The observed differences in microbiological activity between trovafloxacin and ciprofloxacin against S. pneumoniaemay be due to an additional enzyme target for trovafloxacin.10 Trovafloxacin has been found to inhibit both DNA gyrase and another type II topoisomerase, topoisomerase IV. The inhibition of topoisomerase IV is thought to confer enhanced potency against Gram-positive pathogens, such as S. pneumoniae.

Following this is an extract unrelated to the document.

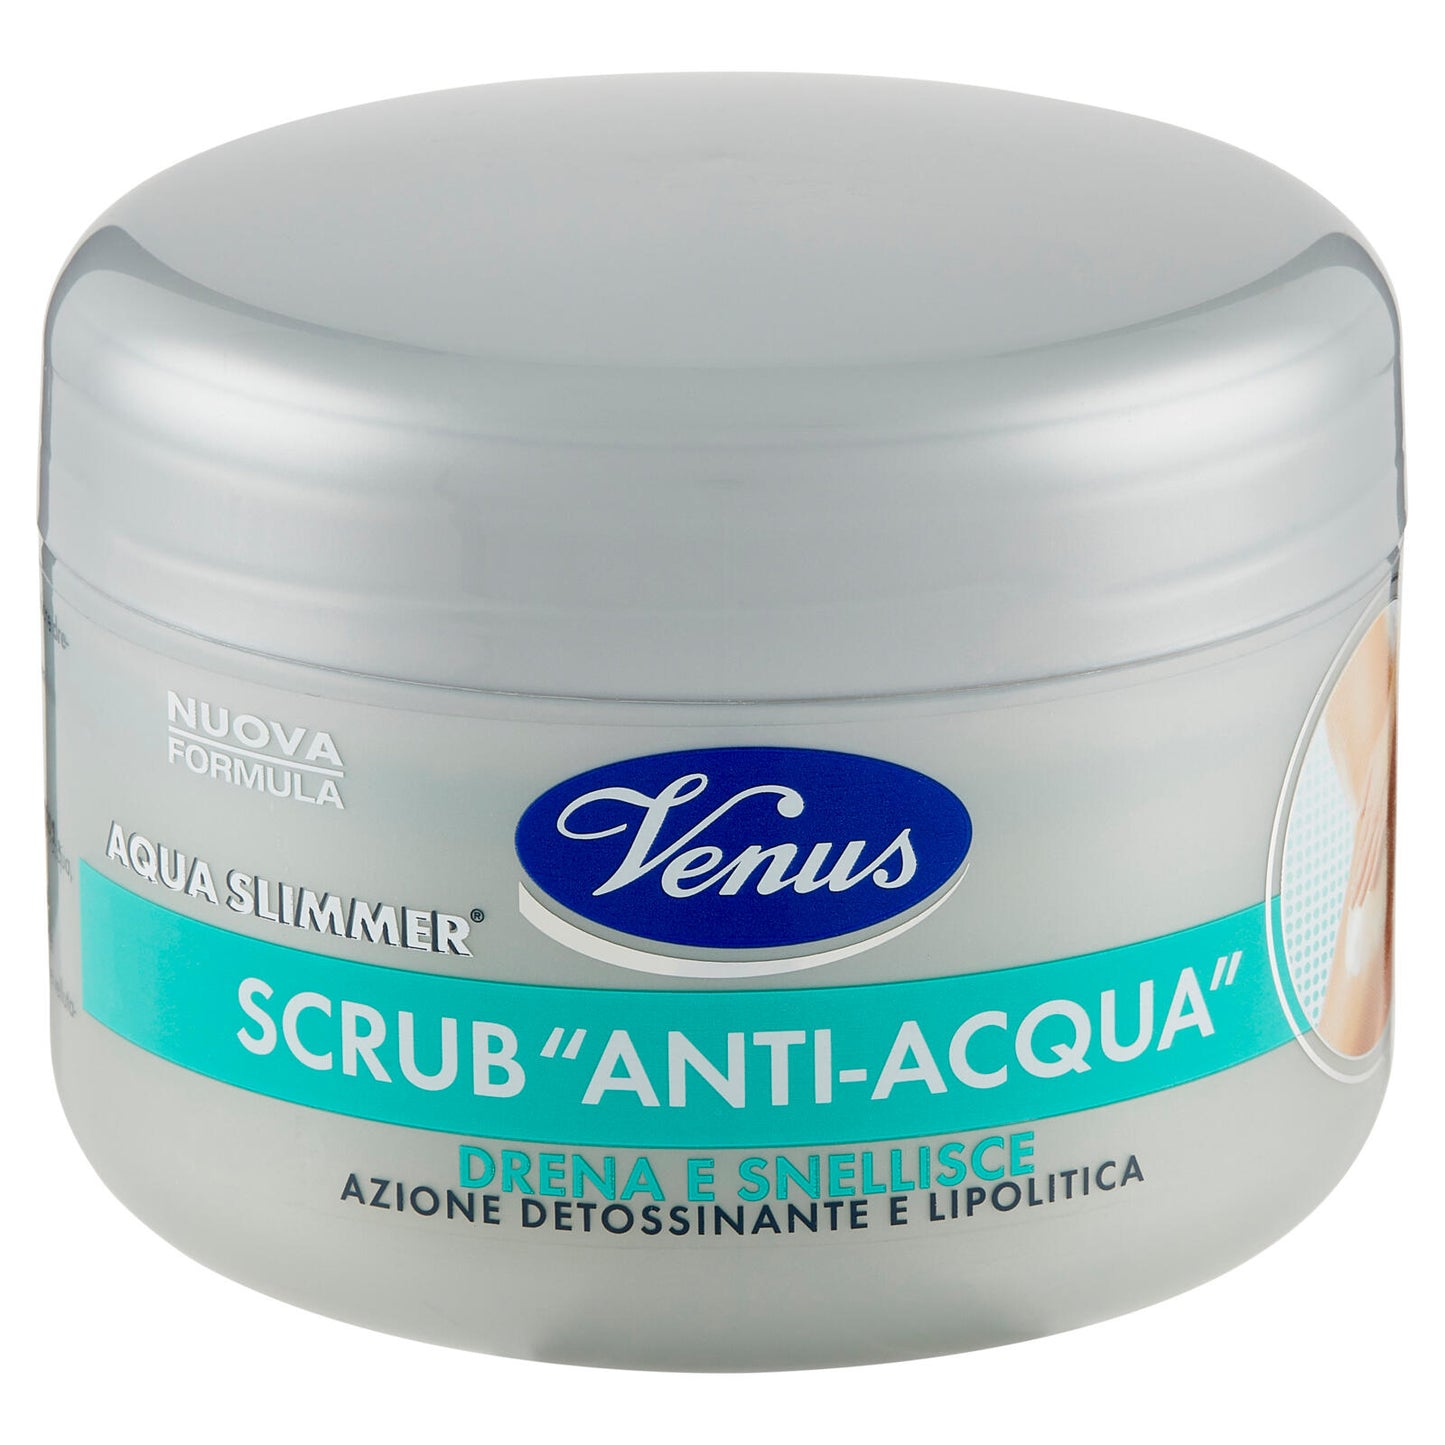 Venus Aqua Slimmer Scrub "Anti-Acqua" 550 g

Our group has previously shown that significantly lower PD50 values are observed for penicillin G compared with ciprofloxacin when using a similar murine model of pneumococcal sepsis.15 In this study, a penicillin-susceptible strain of S. pneumoniae was used with MICs of penicillin G and ciprofloxacin of 0.03 mg/L and 1.0 mg/L, respectively. The reported PD50 of penicillin G was 0.307 ± 0.325 mg/kg, and for ciprofloxacin it was 25.52 ± 1.95 mg/kg. The PD50 of ciprofloxacin was lower than the values observed in our present study, but in the study of Sullivan and colleagues, the animals received ciprofloxacin doses every 3 h for a total of eight doses. Additionally, in our study, all of the test strains had ciprofloxacin MIC values of 2 mg/L, which was higher than the MIC value of 1 mg/L used in the multidose ciprofloxacin study.
The activity of trovafloxacin and ciprofloxacin against S. pneumoniae has been evaluated in other in-vivo models including a rabbit model of meningitis,16,17 a systemic (intraperitoneal) sepsis model18 and a murine pneumonia model.18,19 Regardless of the model investigated, trovafloxacin has consistently been shown to be more active against pneumococcus than other fluoroquinolones, including ciprofloxacin.
Our results seem to correlate well with previously published reports of trovafloxacin efficacy and ciprofloxacin failure against S. pneumoniae in other in-vivo models.16,17,18,19 The effects of trovafloxacin against penicillin-resistant strains of S. pneumoniae may add to its clinical usefulness as penicillin resistance increases worldwide.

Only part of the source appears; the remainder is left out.